Qwen 3.6 Plus uses a hybrid architecture combining efficient linear attention with sparse MoE routing, enabling strong scalability and high-performance inference. It delivers major gains in agentic coding, front-end development, and 3D scene generation.

With a 78.8 score on SWE-bench Verified and multi-modal interactive agent capability (perceiving real-world scenes and interacting with GUIs), it's a strong choice for agents that need to navigate real-world interfaces. It also supports audio input for multimodal workflows.

FeatureValue
SWE-bench Verified✅ 78.8 score
1M Context✅ Yes
Vision + Audio✅ Multimodal
GUI Interaction✅ Native agent capability
Cost✅ Low ($0.325/$1.95 per M)
Best ForAgentic coding, GUI interaction, vibe coding

10

Kimi K2.6

Model ID: moonshotai/kimi-k2.6 · Moonshot AI
Traffic This Month: 193B tokens

Context
262K tokens
Max Output
262K tokens
Parameters
193B
Input
$0.68/M
Output
$3.41/M
Released
Apr 2026
🐝 The agent swarm — scales to hundreds of parallel sub-agents, delivers complete projects from a single prompt

Kimi K2.6 is Moonshot AI's next-generation model with an agent swarm architecture that scales to hundreds of parallel sub-agents for autonomous task decomposition. It can deliver complete documents, websites, and spreadsheets in a single run without human oversight.

Its long-horizon coding capabilities across Python, Rust, and Go — combined with coding-driven UI/UX generation from prompts and visual inputs — make it uniquely suited for agents that need to build complete applications end-to-end. Available through io.net, Baidu Qianfan, and Inceptron.

FeatureValue
Agent Swarm✅ Hundreds of parallel sub-agents
Tool/Function Calling✅ Excellent
Vision✅ Image + File
Multi-Language✅ Python, Rust, Go
Cost✅ Moderate ($0.68/$3.41 per M)
Best ForLong-horizon coding, project generation

Usage Distribution

How Hermes Agent API traffic breaks down across provider families this month:

CategoryEst. TrafficModels
DeepSeek Family5.04T (46%)V4 Flash, V4 Pro
OpenRouter / Owl4.08T (37%)Owl Alpha
MiniMax Family1.08T (10%)M3, M2.7
NVIDIA723B (7%)Nemotron 3 Super
Anthropic429B (4%)Claude Sonnet 4.6
StepFun572B (5%)Step 3.7 Flash
Alibaba / Moonshot516B (5%)Qwen3.6 Plus, Kimi K2.6

Pricing Comparison

A quick reference for cost-conscious model selection:

RankModelInput/MOutput/MContextCost Tier
🥇 1Owl AlphaFreeFree1.05MFree
🥈 2DeepSeek V4 Flash$0.098$0.1971.05MUltra Budget
🥉 3DeepSeek V4 Pro$0.435$0.871MBudget
4Nemotron 3 SuperFreeFree1MFree
5MiniMax M3$0.30$1.201MBudget
6Step 3.7 Flash$0.20$1.15256KBudget
7Claude Sonnet 4.6$3.00$15.001MPremium
8MiniMax M2.7$0.30$1.20205KBudget
9Qwen3.6 Plus$0.325$1.951MBudget
10Kimi K2.6$0.68$3.41262KModerate

My Recommendation for Hermes Agent

👑 Primary Model: Owl Alpha

Free, 1.05M context, and the most used model by a wide margin. Start here for any agent task and you won't go wrong.

🧠 Deep Reasoning: DeepSeek V4 Pro

When you need maximum intelligence — complex code analysis, strategic planning, or deep research — V4 Pro's 1.6T parameters deliver the best results.

⚡ Speed + Budget: DeepSeek V4 Flash

Nearly as much traffic as #1 but at 1/500th the cost of Claude.
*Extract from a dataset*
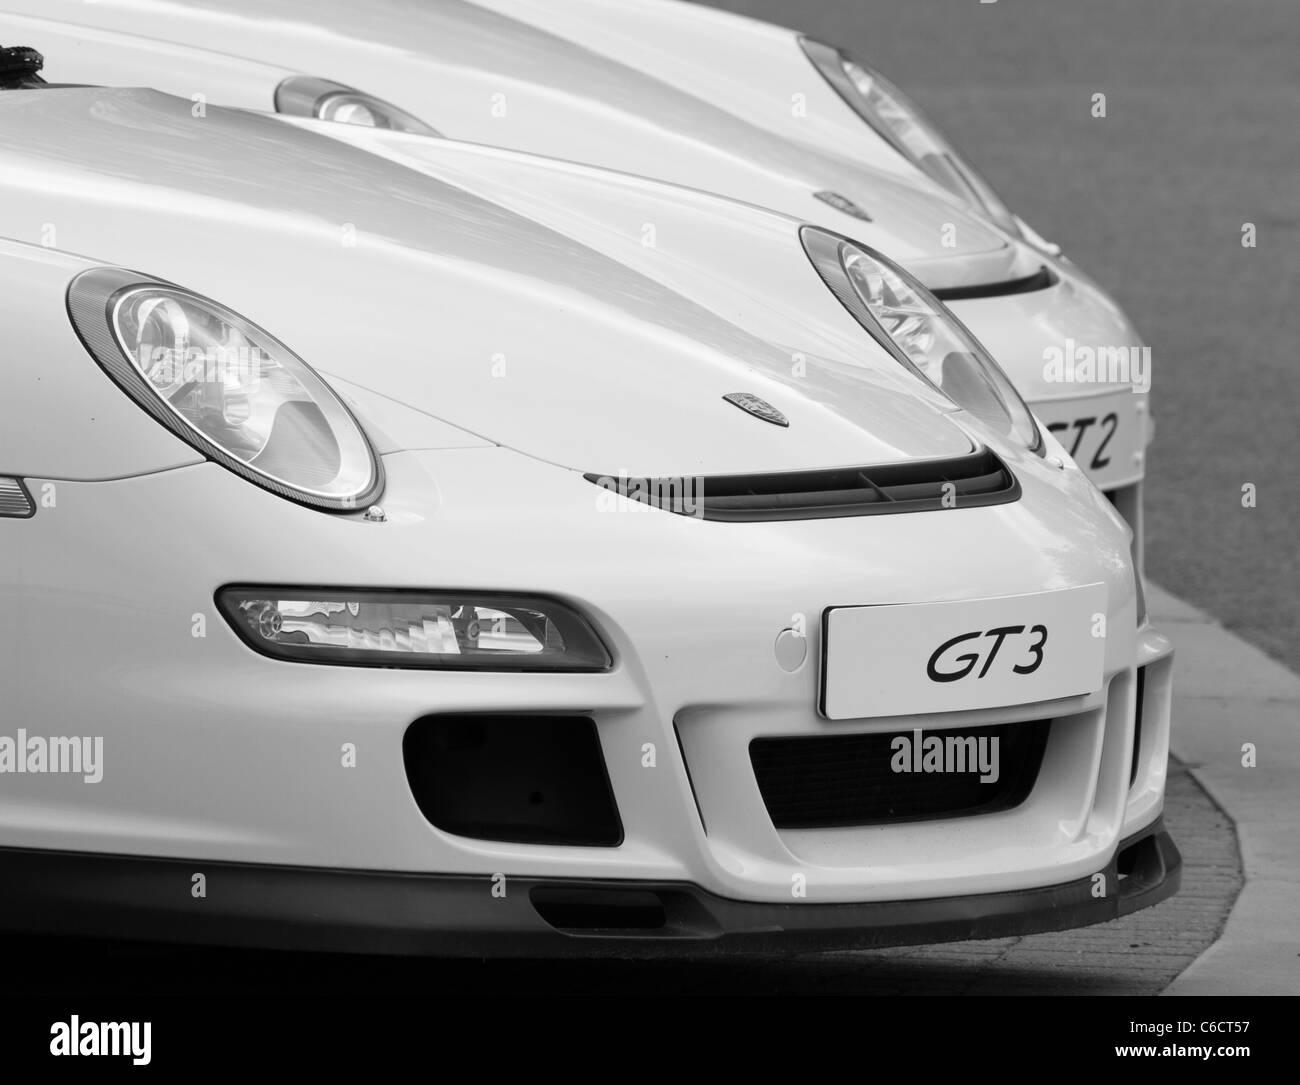 Porsche display - Stock Image

Perfect for high-throughput batch operations where speed matters.

🆓 Best Free Option: Nemotron 3 Super

When Owl Alpha isn't suitable, Nemotron 3 Super offers 120B parameters, 1M context, and strong benchmarks — all free.

Conclusion

The most used models for Hermes Agent on OpenRouter this month tell a clear story: free and budget-friendly models dominate, with DeepSeek and OpenRouter's own Owl Alpha capturing 83% of all API traffic. Premium models like Claude Sonnet 4.6 maintain a presence but represent a small fraction of total usage.

The trend is clear: Hermes Agent users are optimizing for throughput and cost-effectiveness, reserving premium models for tasks that genuinely need maximum intelligence. The gap between #1 (Owl Alpha at 4.08T tokens) and the rest is enormous — nearly 4 trillion more tokens than any other model.